Parents of babies and young children tend to be incredibly busy people. If they are not working or pursuing their own interests, they are playing with their kids, running them to the doctor, making them food or are otherwise engaged in the act of parenting. It is of little wonder then that certain messages aimed at parents of babies and young children are not always properly received, because these individuals rarely have time to intently read every single notice and public service announcement that may affect them.
This communication challenge has made one child safety organization extremely concerned. Because while it is understandable that parents are very busy, the organization Kids in Danger has noticed that many are too busy to either check for or respond to critical safety recall notices affecting dangerous toys and other defective child and infant products.

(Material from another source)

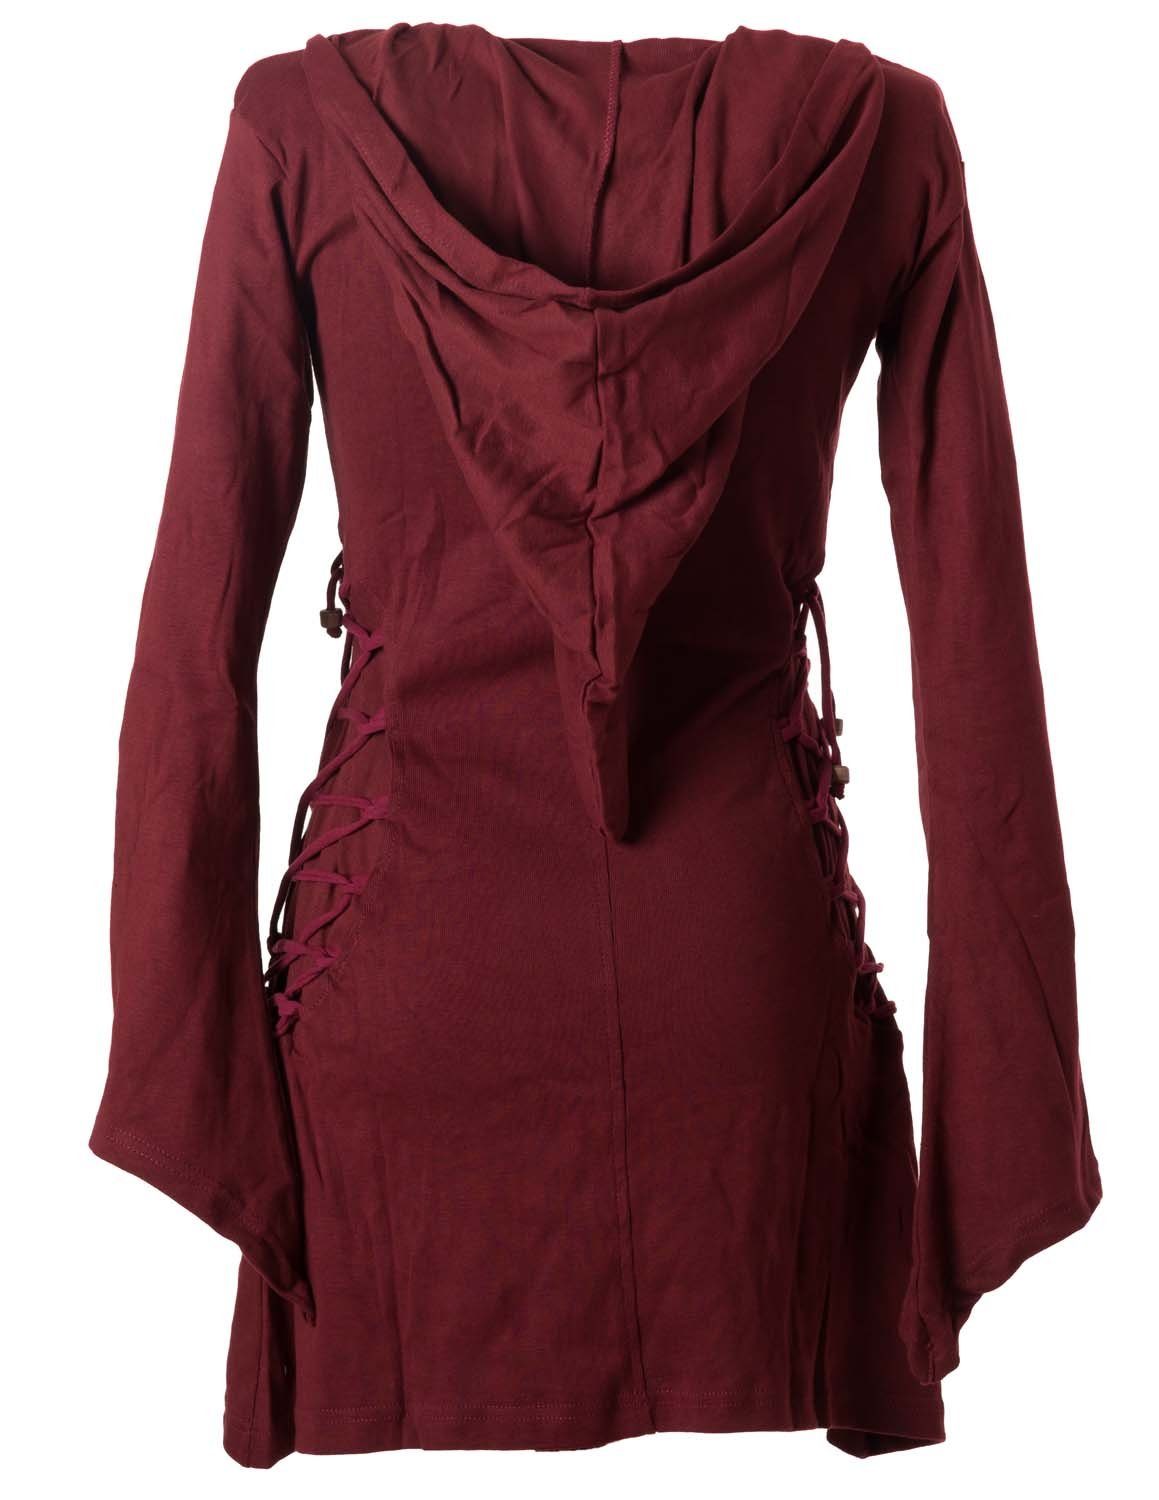 Vishes Zipfelkleid Elfenkleid mit dunkelrot Ethno, Hoody, zum Gothik Schnüren Style Zipfelkapuze Bändern

According to a recent report compiled by Kids in Danger, only one out of every 10 child and infant products recalled from the market are returned or replaced. Some parents are not notified of these recalls, while others may stumble across some information about a recall but do not feel the need to act upon it with any sense of urgency.
The organization is urging manufacturers of recalled products to increasingly utilize social media as a means of notifying parents about recalls. Given that many parents connect with friends, family and organizations over social media, this push makes sense. In addition, it is important for parents to not only act on recalls that they are notified about but also to consistently search for the latest recalled products. Many products purchased second-hand are recalled and searching for recall updates is generally the only way that parents can reliably remain informed about these specific recall efforts.